On the other hand, elements of the drawings described in the invention are independently drawn for the purpose of convenience of explanation on different specific functions, and do not mean that the elements are embodied by independent hardware or independent software. For example, two or more elements out of the elements may be combined to form a single element, or one element may be split into plural elements. Embodiments in which the elements are combined and/or split belong to the scope of the invention without departing from the concept of the invention.

Hereinafter, embodiments of the present invention will be described in detail with reference to the accompanying drawings. In addition, like reference numerals are used to indicate like elements throughout the drawings, and the same descriptions on the like elements will be omitted.

In the present specification, a picture generally means a unit representing one image of a specific time zone, and a slice is a unit constituting a part of the picture in coding. One picture may consist of a plurality of slices. Optionally, the picture and the slice may be used interchangeably.

A pixel or a pe1 may mean a minimum unit constituting one picture (or image). Further, a ‘sample’ may be used as a term representing a value of a specific pixel. The sample may generally indicate a value of the pixel, may represent only a pixel value of a luma component, and may represent only a pixel value of a chroma component.

A unit indicates a basic unit of image processing. The unit may include at least one of a specific area and information related to the area. Optionally, the unit may be mixed with terms such as a block, an area, or the like. In a typical case, an M·N block may represent a set of samples or transform coefficients arranged in M columns and N rows.
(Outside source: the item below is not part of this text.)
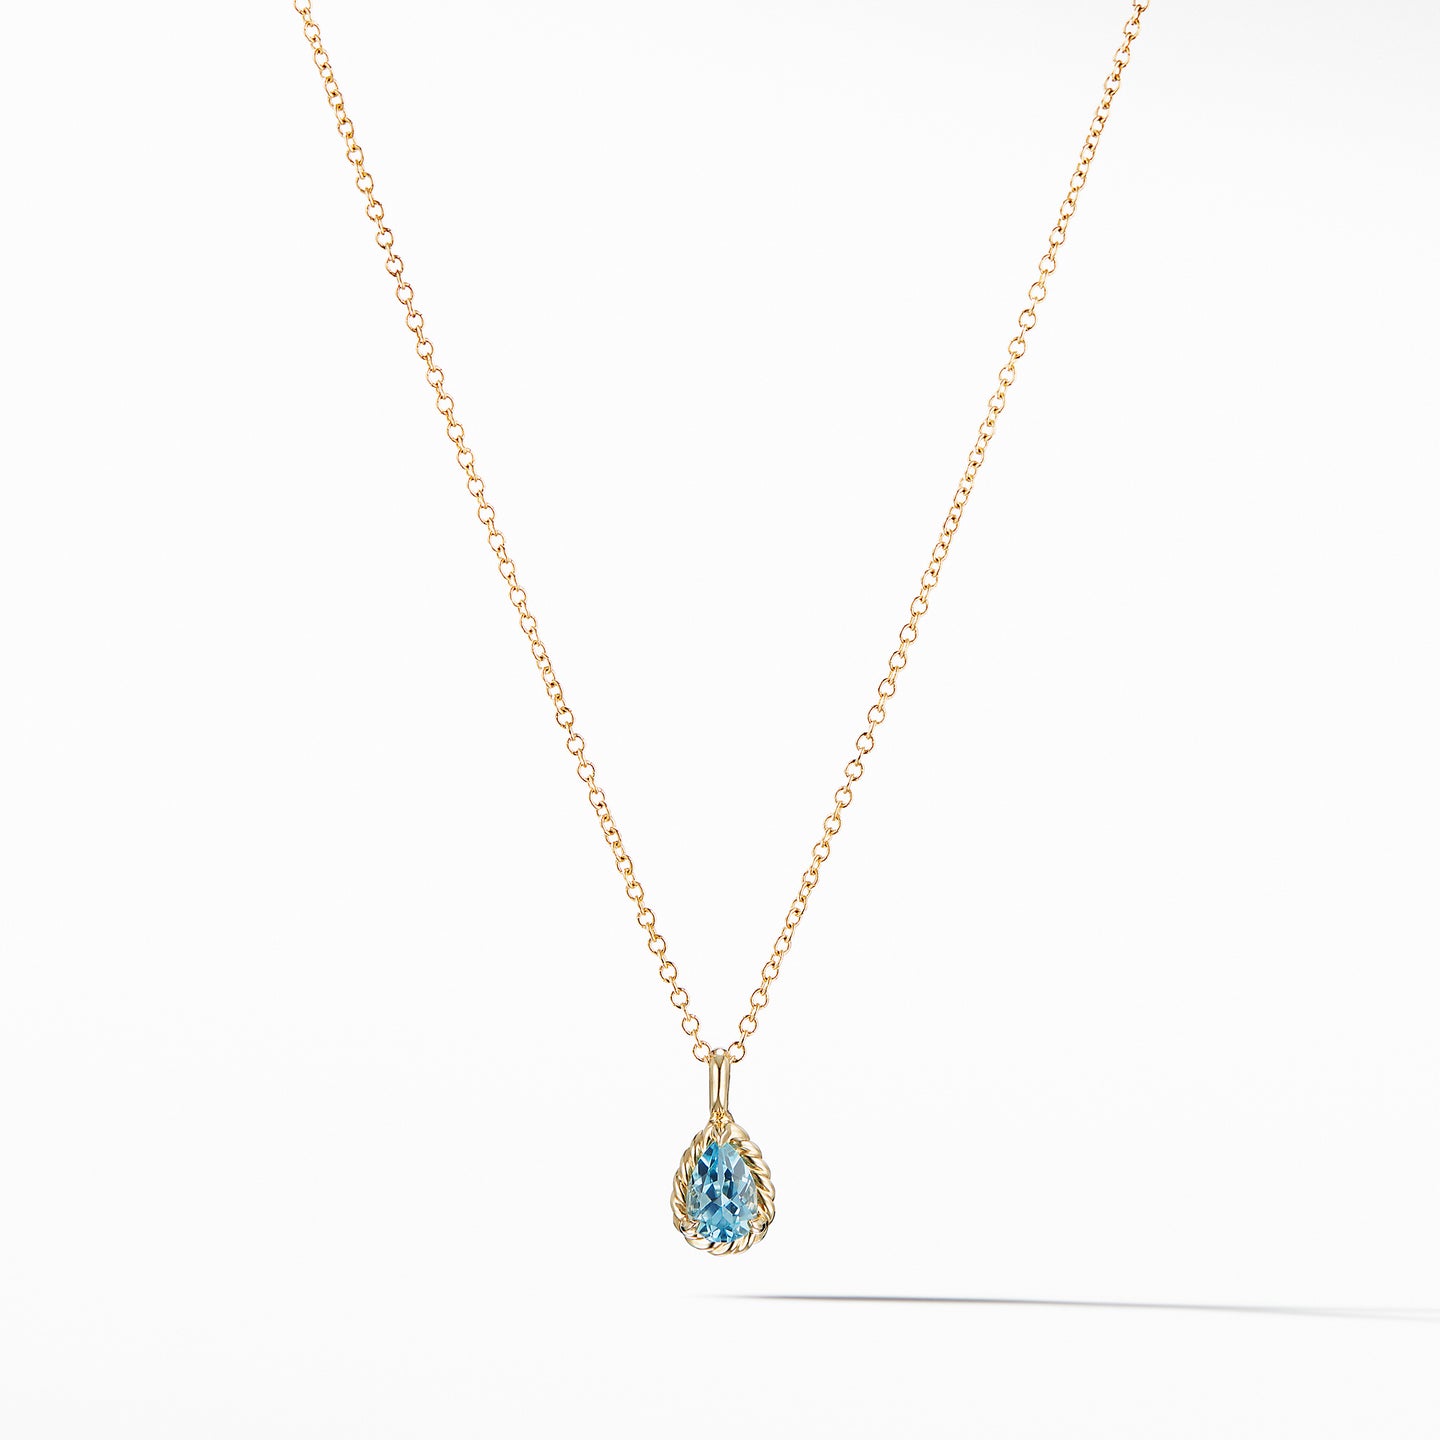 Cable Collectibles® Kids Teardrop Charm Necklace with Blue Topaz in 18K Gold

FIG. 1 briefly illustrates a 3 dimensional (3D) video encoding and decoding process to which the present invention is applicable.

Referring to FIG. 1, a 3D video encoder may encode a video picture, a depth map, and a camera parameter to output a bitstream.

The depth map may be constructed of distance information (depth information) between a camera and a subject with respect to a picture of a corresponding video picture (texture picture). For example, the depth map may be an image obtained by normalizing depth information according to a bit depth. In this case, the depth map may be constructed of depth information recorded without a color difference representation. The depth map may be called a depth map picture or a depth picture.

In general, a distance to the subject and a disparity are inverse proportional to each other. Therefore, disparity information indicating an inter-view correlation may be derived from the depth information of the depth map by using the camera parameter.

A bitstream including the depth map and the camera parameter together with a typical color image, i.e., a video picture (texture picture), may be transmitted to a decoder through a network or a storage medium.

From a decoder side, the bitstream may be received to reconstruct a video. If a 3D video decoder is used in the decoder side, the 3D video decoder may decode the video picture, the depth map, and the camera parameter from the bitstream. Views required for a multi-view display may be synthesized on the basis of the decoded video picture, depth map, and camera parameter. In this case, if a display in use is a stereo display, a 3D image may be displayed by using pictures for two views among reconstructed multi-views.

If a stereo video decoder is used, the stereo video decoder may reconstruct two pictures to be incident to both eyes from the bitstream. In a stereo display, a stereoscopic image may be displayed by using a view difference or disparity of a left image which is incident to a left eye and a right image which is incident to a right eye. When a multi-view display is used together with the stereo video decoder, a multi-view may be displayed by generating different views on the basis of reconstructed two pictures.

If a 2D decoder is used, a 2D image may be reconstructed to output the image to a 2D display. If the 2D display is used but the 3D video decoder or the stereo video decoder is used as the decoder, one of the reconstructed images may be output to the 2D display.

In the structure of FIG. 1, a view synthesis may be performed in a decoder side or may be performed in a display side. Further, the decoder and the display may be one device or may be separate devices.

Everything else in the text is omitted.